Though he did not stop speaking.

“You did not know my father, my queen, and for this I am melancholy. He was a fine man. A proud father. But an inveterate pirate. He lived for the times he sailed the sea. Which was why he took a wife much later than the age I found you. He was fifteen years older than me when he made my mother his bride. But his love for her, like all the Nereus men, became legend. When his age meant he knew his life was in decline, he told me if he’d have known his world would be filled with her, he would have given up all his years at sea for just one more at her side. And when he died, it was not age that took my beloved mother. It was facing a life without him that did it. This was why I had our priests scour our lands for you so that I would not taste that regret. For I saw in both my parents that flavor was bitter.”

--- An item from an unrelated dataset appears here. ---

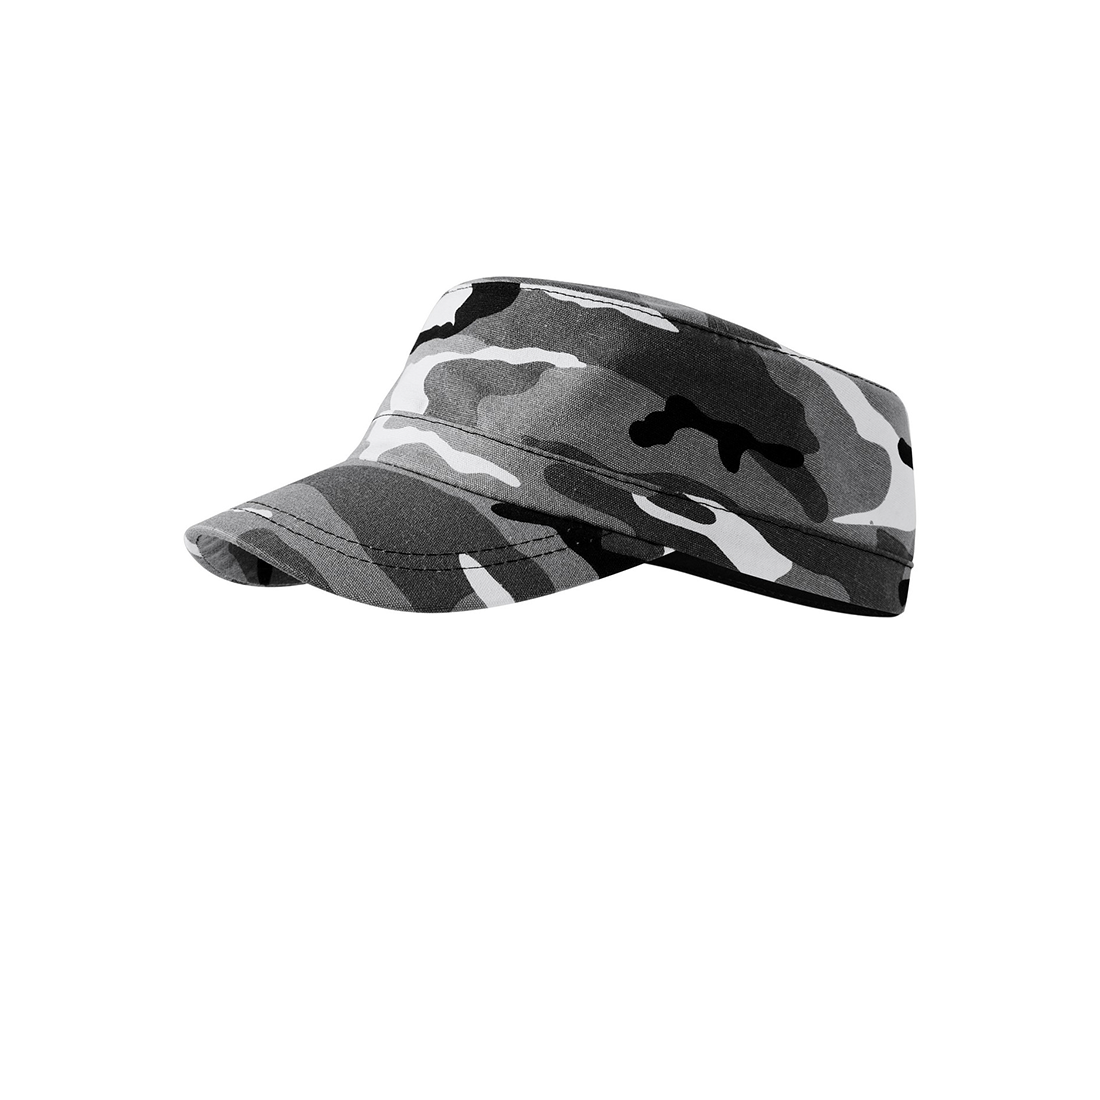 Berretto camouflage unisex - Abbigliamento di protezione
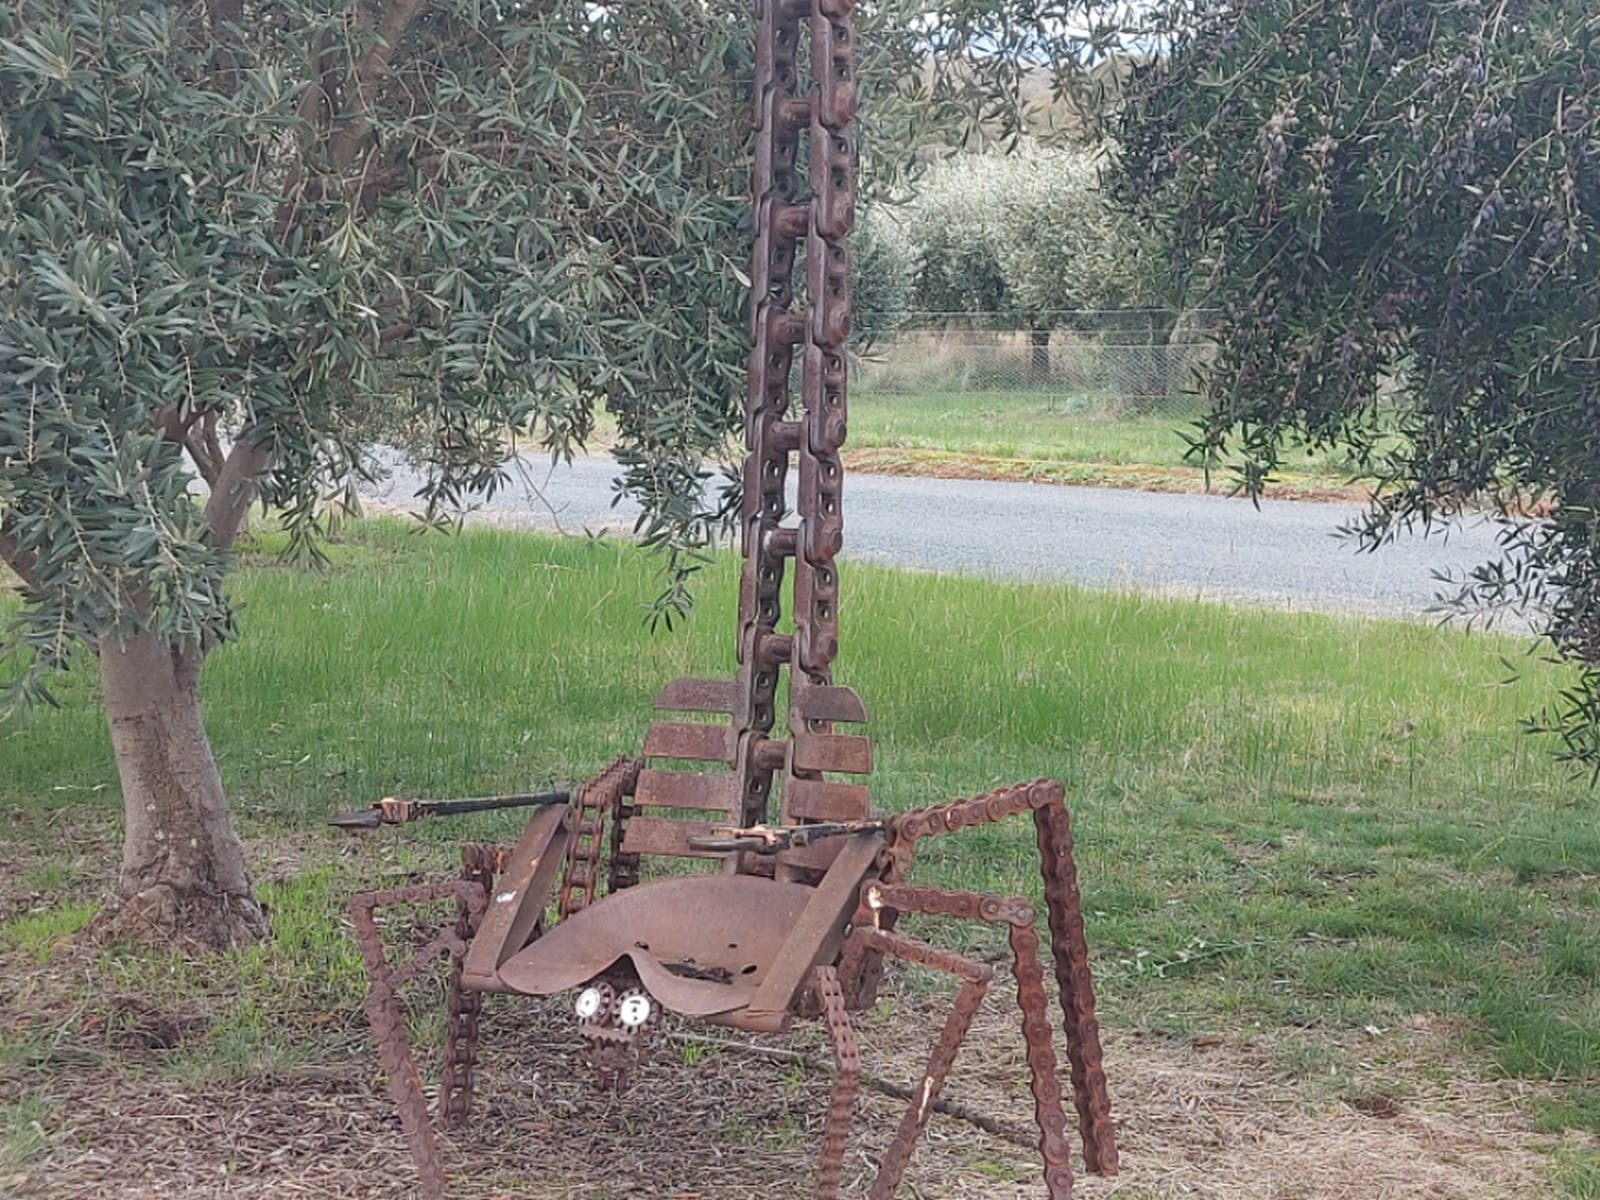 The Scorpion at Gooramadda Olives

Her tone was near-on gentle when she said, “Oh, Aramus, that is both beautiful and sad.” And when he made no reply, for she was right, he heard her heavy sigh before she queried, “How do we find compromise, my husband?”

“You have a guard everywhere you go, until I say this no longer needs to be so,” he answered instantly. “You allow a servant to taste your food and drink—”

“Aramus—”

He didn’t allow her to cut in.

“I’m telling you how it will be for you to have what you wish, my queen. This is not a negotiation.”

She again went silent.

“A servant tastes your food and drink and you don’t put it to your lips unless one of my men says you can. You can spend time with the women. In this palace. Not in the city. Petals and coins are all well and good, but not every citizen of Firenze was on that street, Ha-Lah. It could be not conniving, but simply something someone says that would cause you upset, or a look they’d give that would be distressing, and I won’t have that either.”

“I don’t know their language,” she reminded him.

“As you’ve noted, many of them speak Valerian,” he returned. “And all of Wodell, Airen and Nadirii have long since adopted that tongue.”

She made no reply.

“We will talk,” he continued. “You will share how you perceive these women. I will do the same. If we feel we’ve come to trust them, your guard will not need to be that close. But you are queen, Ha-Lah, you will always have one.”

“All right,” she agreed.

“All right about your guard, or all of it?” he asked.

“All of it, if I can leave these rooms, meet people, learn about them, see more of this land, even if it’s simply the chambers of the palace of their king. Yes. I will agree. To all of it.”

Aramus smiled and through it said, “Are you an adventurer, my Ha-Lah?”

“I don’t know. I’ve never had the opportunity. But the little I’ve had, I know I like.”

She had not had the opportunity.

Something else he now knew about his wife.

“Then we will see about making you safe so you can widen your adventures, wife,” he decided.

“This would be appreciated, husband.”

They both fell silent and Aramus determined that the next night when they were abed, he would not be sharing.

He’d be asking things about her.

In the dark of their room, as quiet fell over them, the entirety of the night and the rum and their agreement settled in and Aramus felt his eyelids getting heavy.